Try it
The entire listing that follows must be repeated exactly, pictures excluded.

[[ Dataset content, beginning ]]

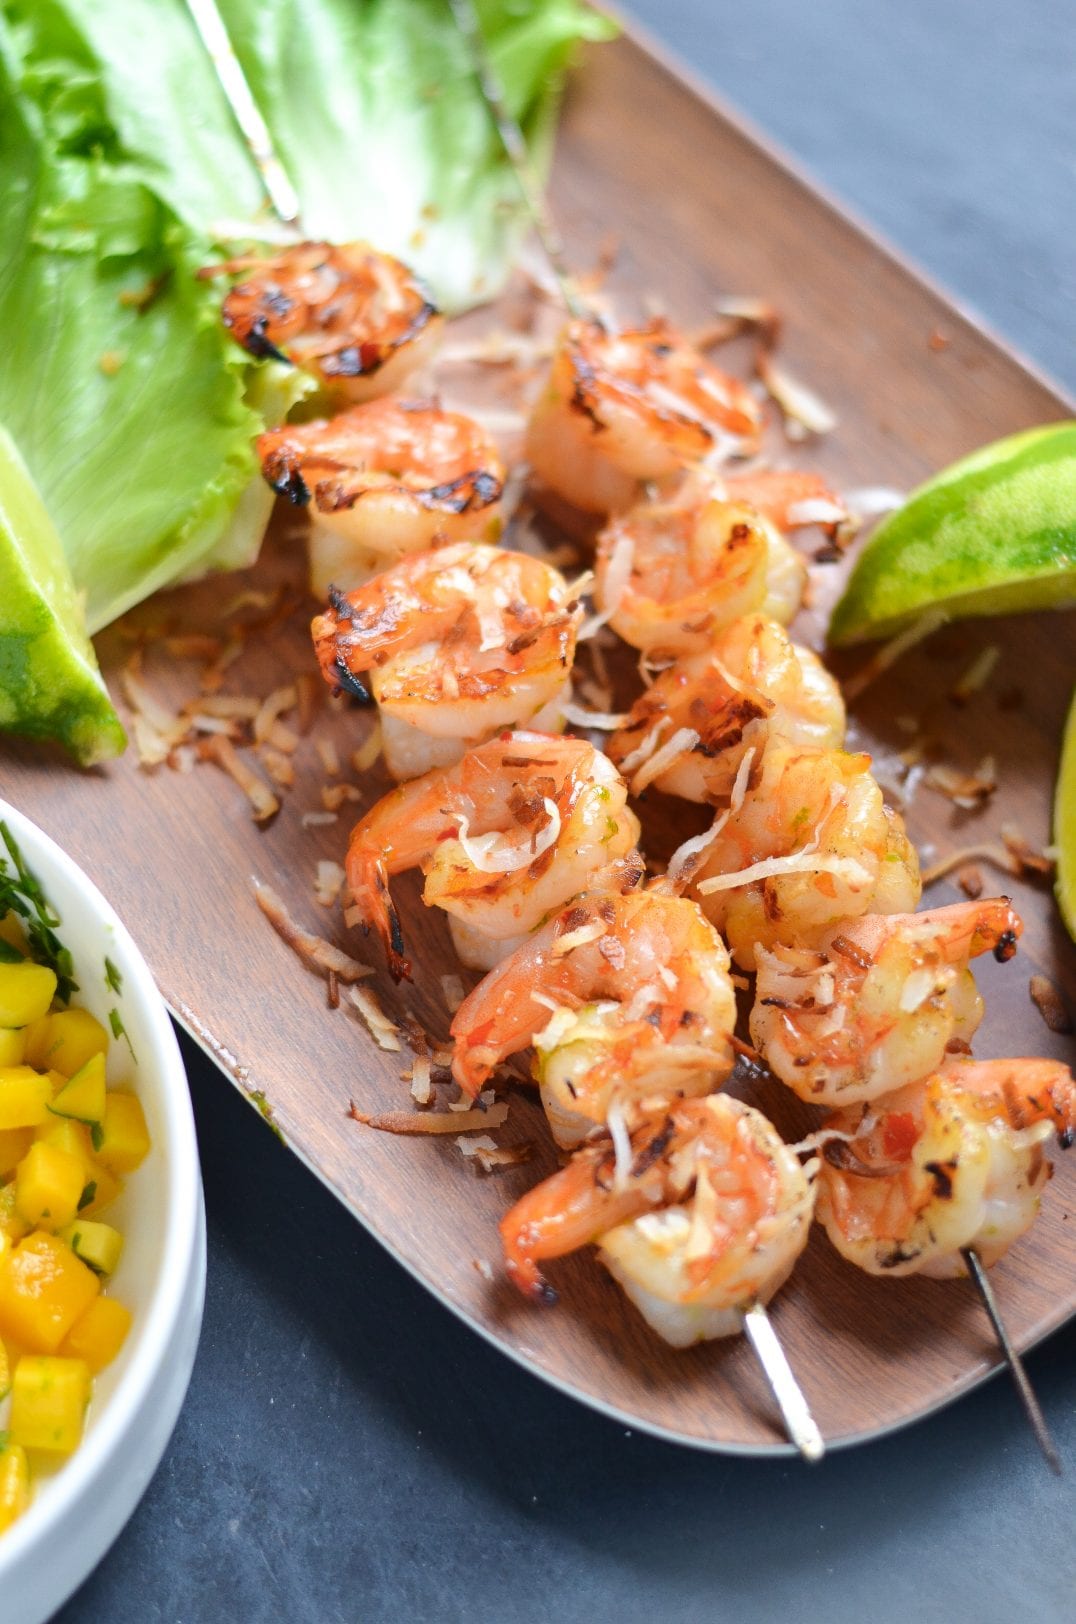 Grilled Shrimp Lettuce Wraps with Sweet Chili Sauce, Mango, and Toasted Coconut
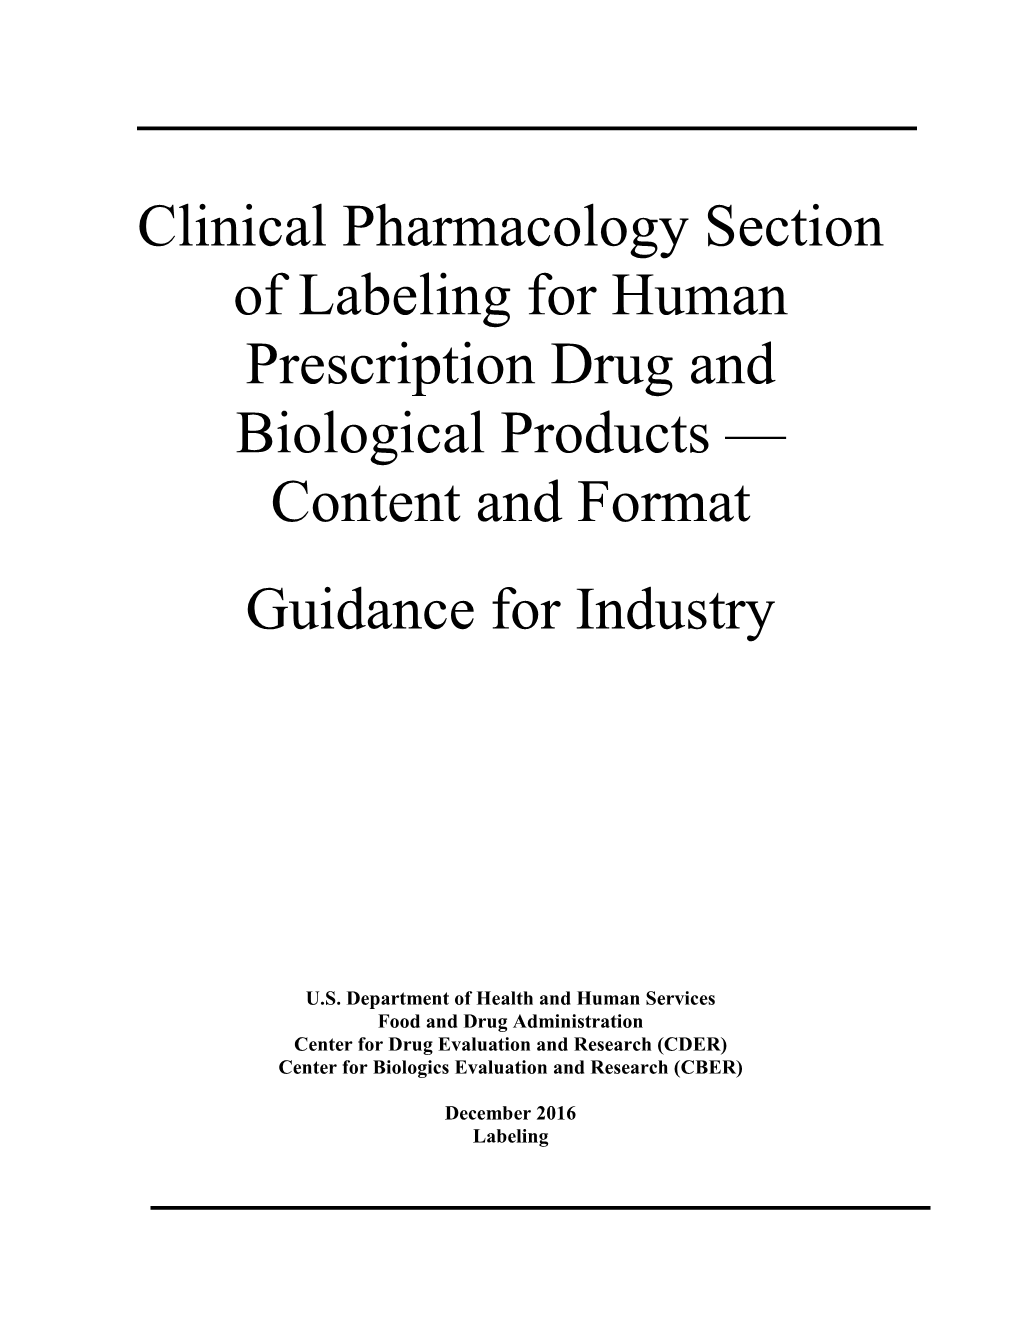 Clinical Pharmacology Section of Labeling for Human Prescription Drug and Biological Products — Content and Format
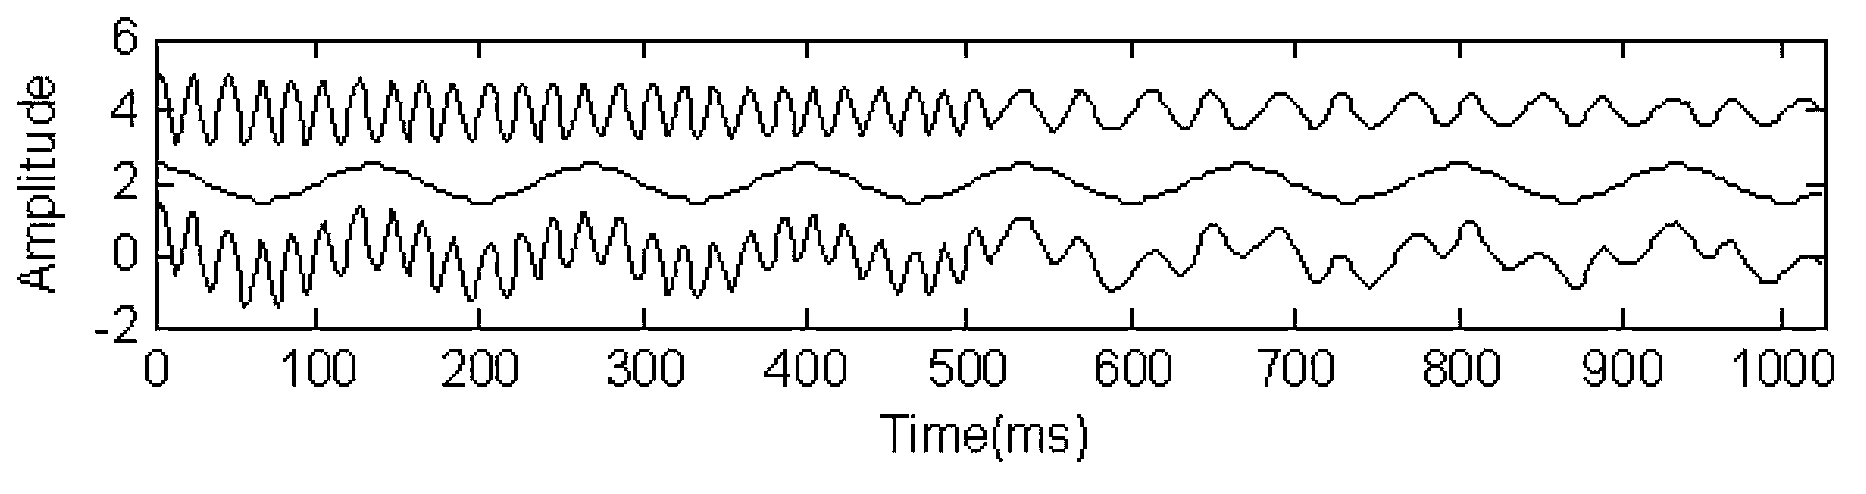 High-precision time-frequency analysis method

[[ Dataset content, end ]]

Result
 Grilled Shrimp Lettuce Wraps with Sweet Chili Sauce, Mango, and Toasted Coconut
 Clinical Pharmacology Section of Labeling for Human Prescription Drug and Biological Products — Content and Format
 High-precision time-frequency analysis method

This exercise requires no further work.